■ Task details
Please output the listing exactly as it stands, but omit any images.

■ Collected data
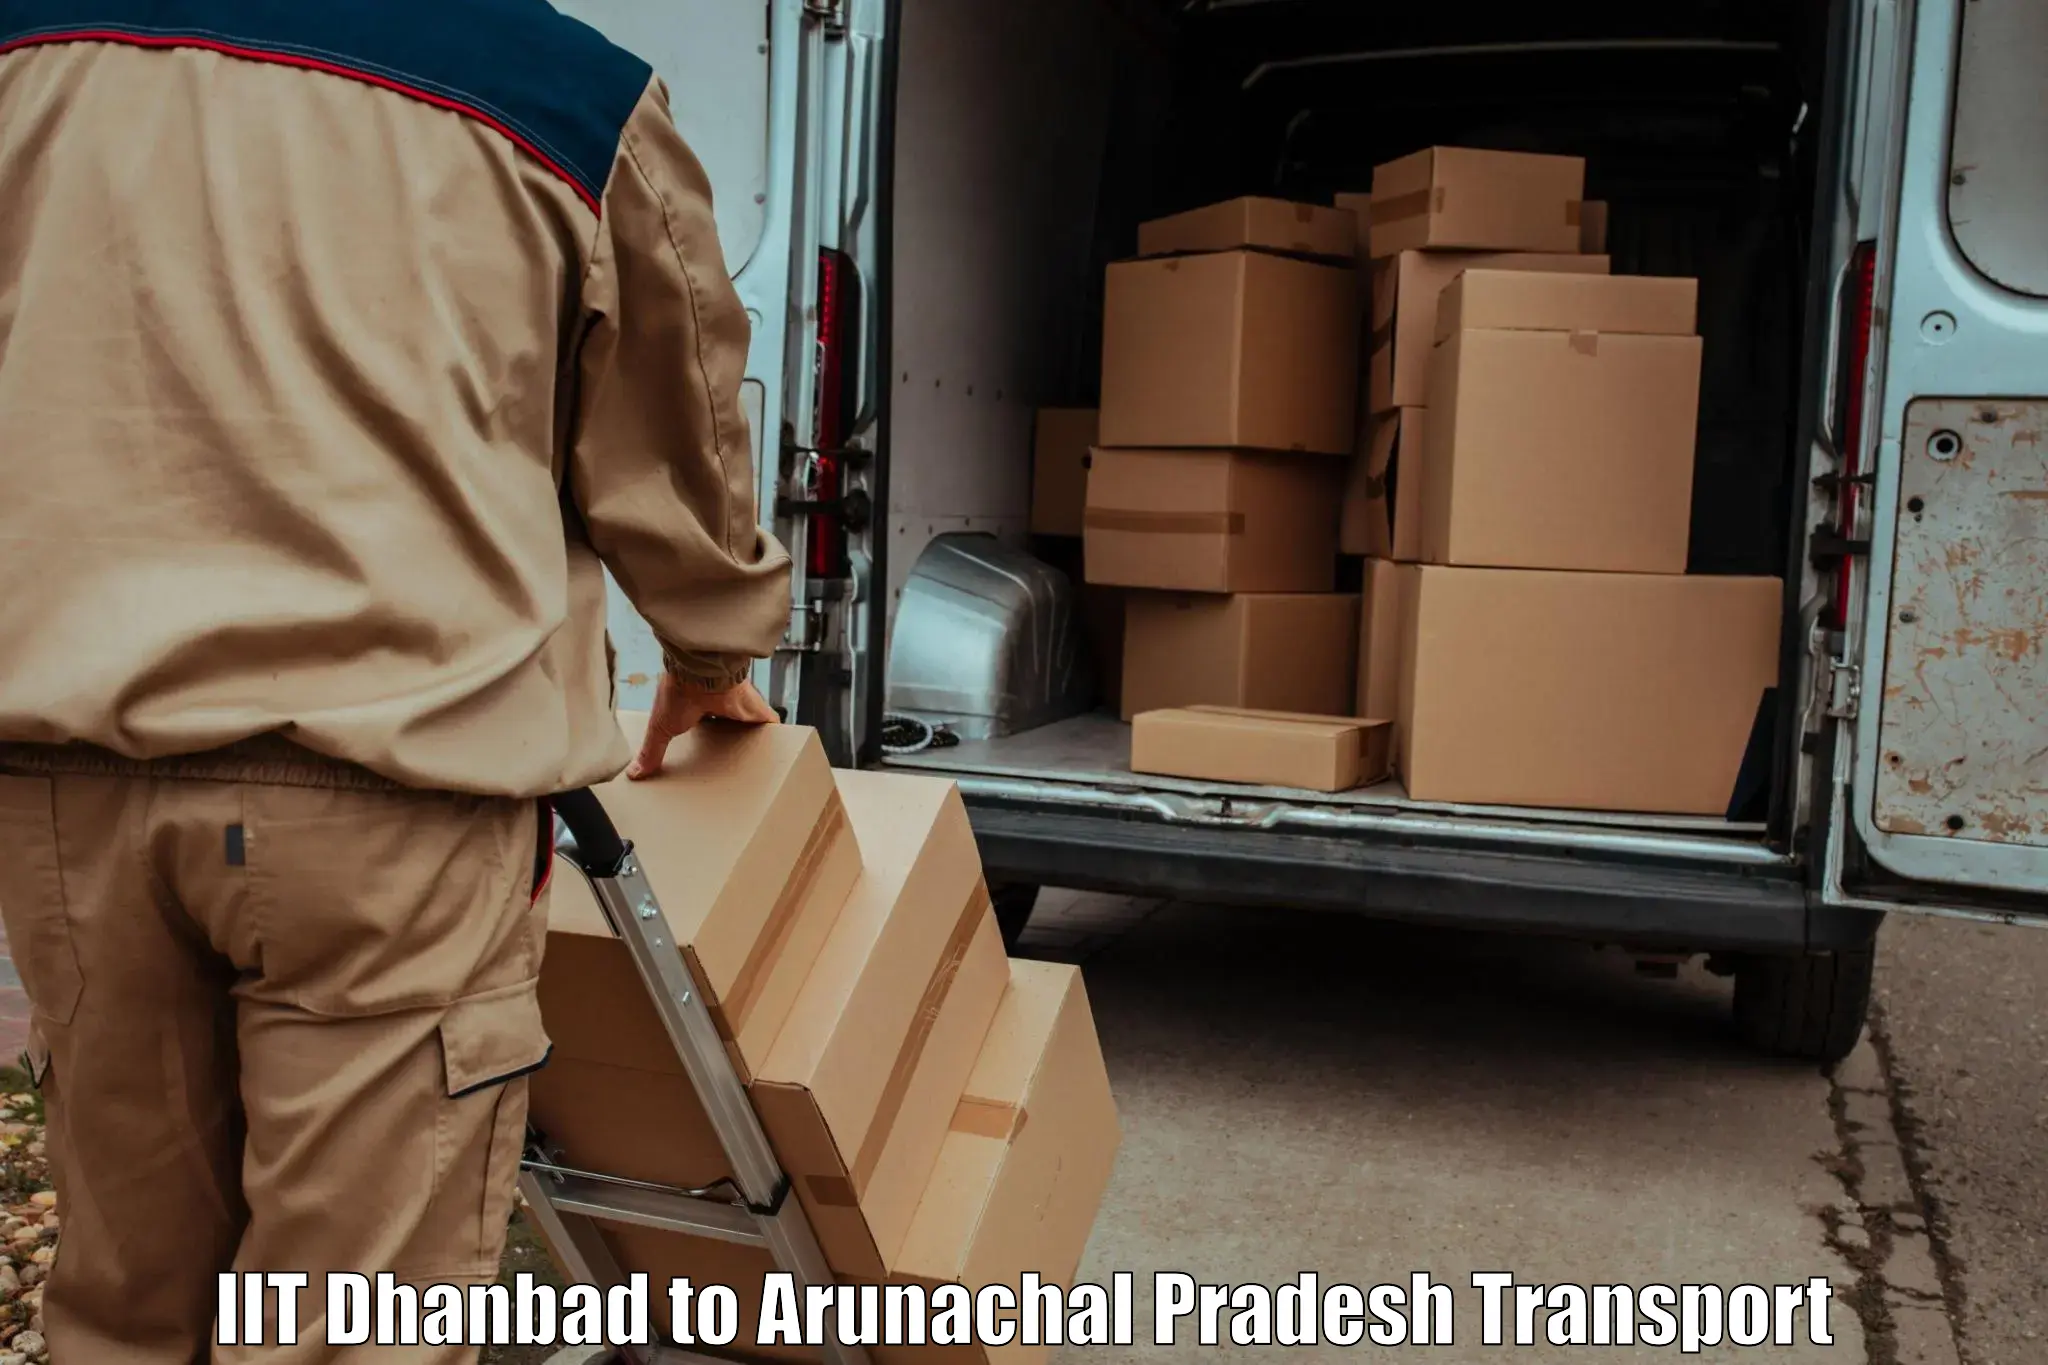 Online transport service IIT Dhanbad to Arunachal Pradesh
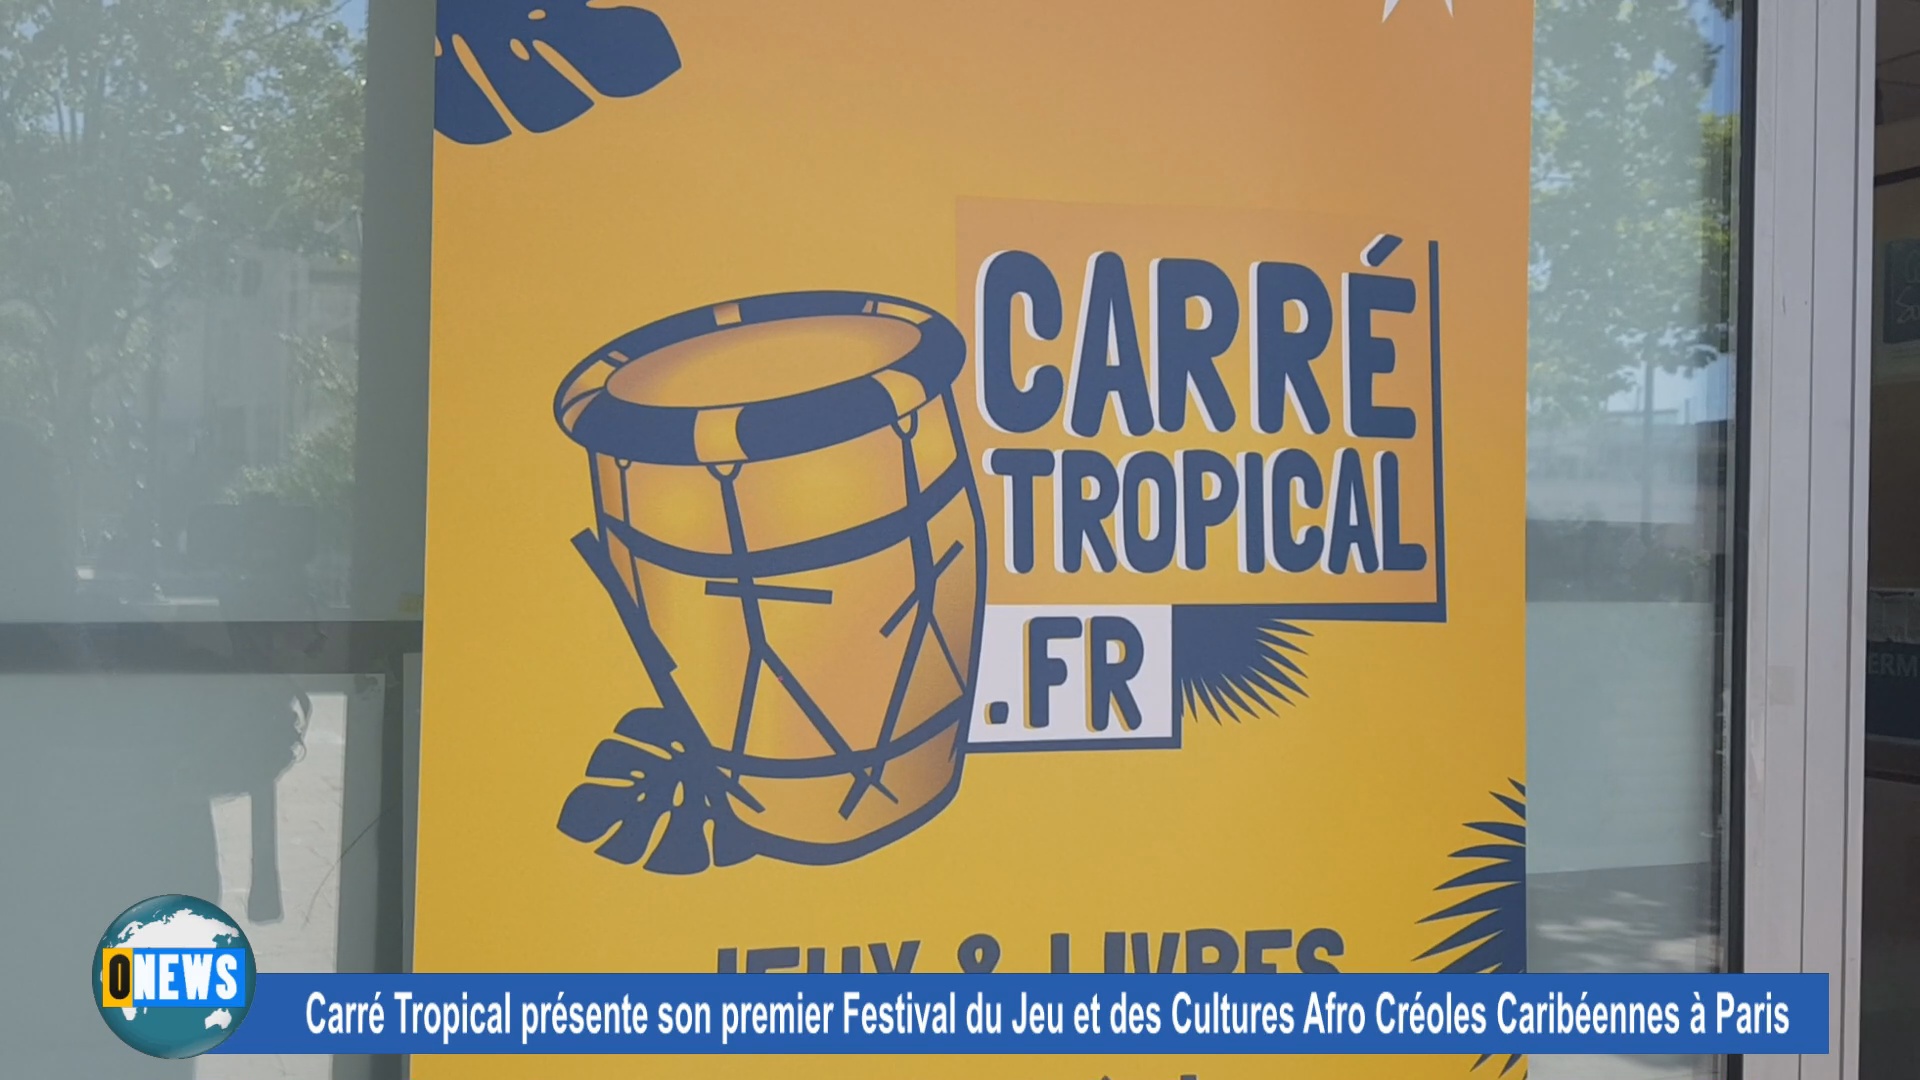 [Vidéo] Succès du premier festival jeu et cultures caribéennes à Paris organisé par Carré Tropical
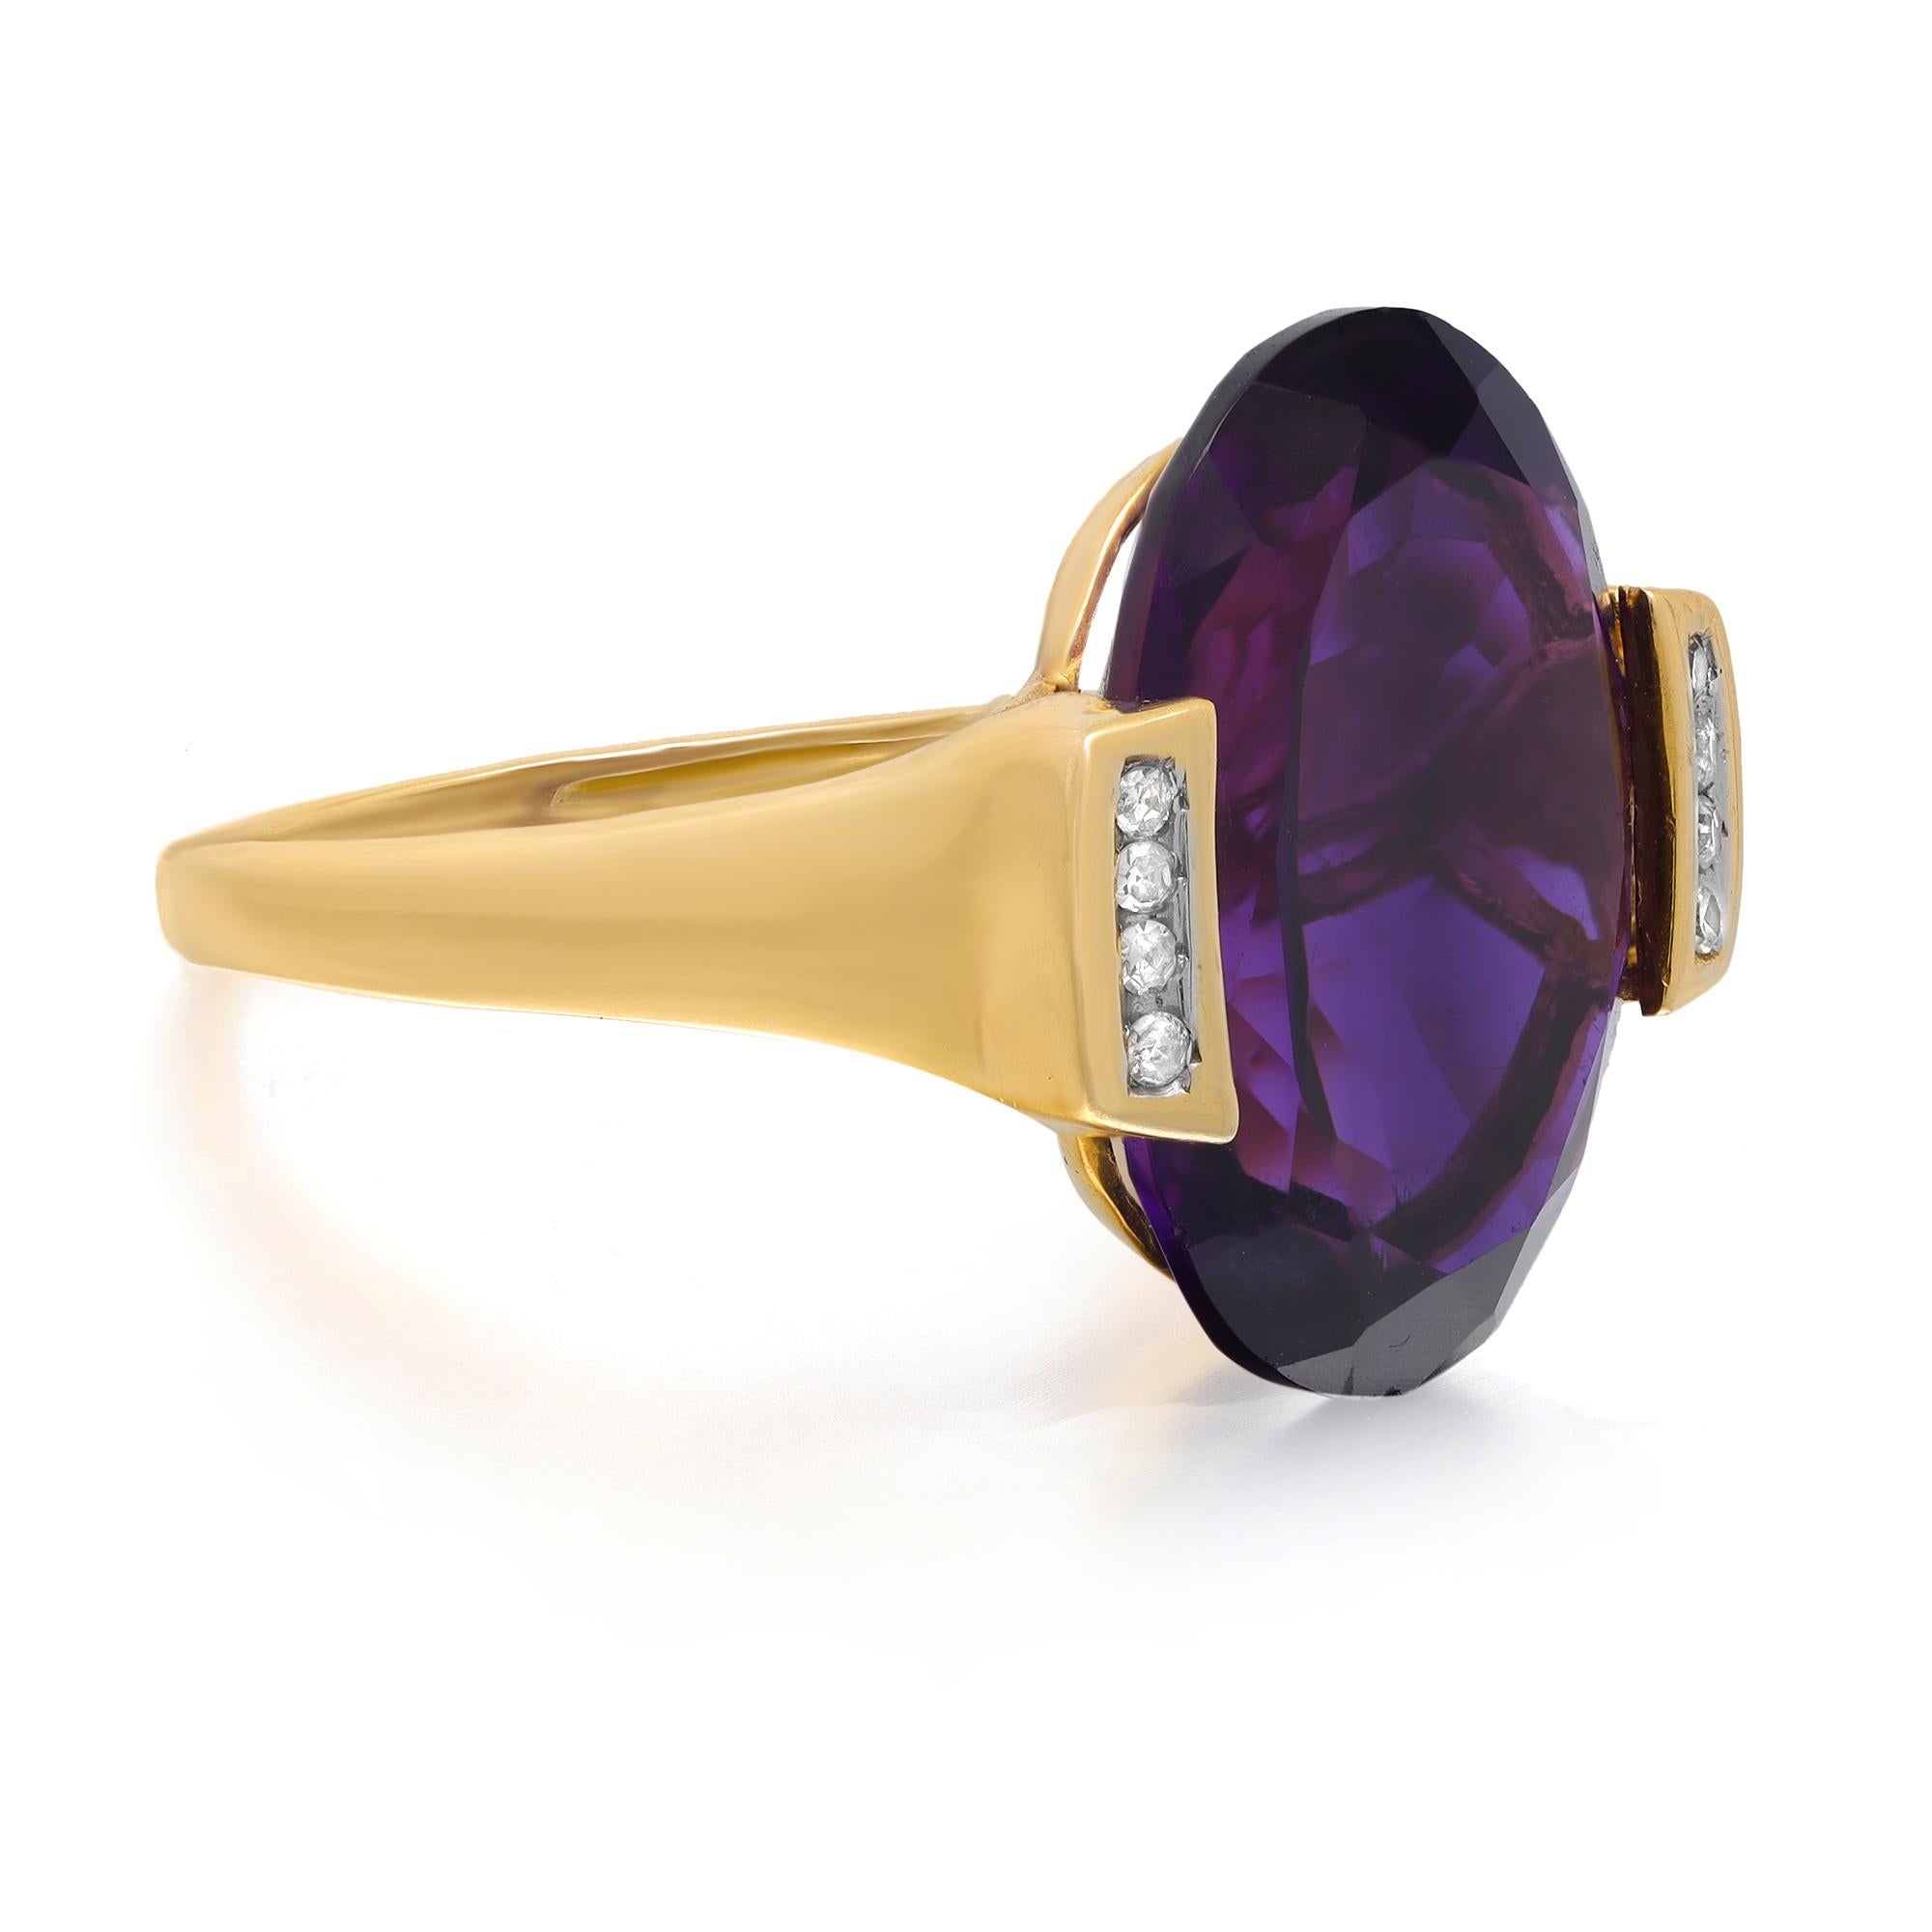 Diese schöne lila ovale Form Amethyst und Diamant-Cocktail-Ring ist in feinen 14k Gelbgold gefertigt. Ein ausgezeichneter ovaler Amethyst mit einem Gewicht von ca. 11,00 Karat wird von winzigen runden Diamanten im Brillantschliff flankiert. Ring

■ Solution for this problem
 Online transport service IIT Dhanbad to Arunachal Pradesh
 [Vidéo] Succès du premier festival jeu et cultures caribéennes à Paris organisé par Carré Tropical
 Diese schöne lila ovale Form Amethyst und Diamant-Cocktail-Ring ist in feinen 14k Gelbgold gefertigt. Ein ausgezeichneter ovaler Amethyst mit einem Gewicht von ca. 11,00 Karat wird von winzigen runden Diamanten im Brillantschliff flankiert. Ring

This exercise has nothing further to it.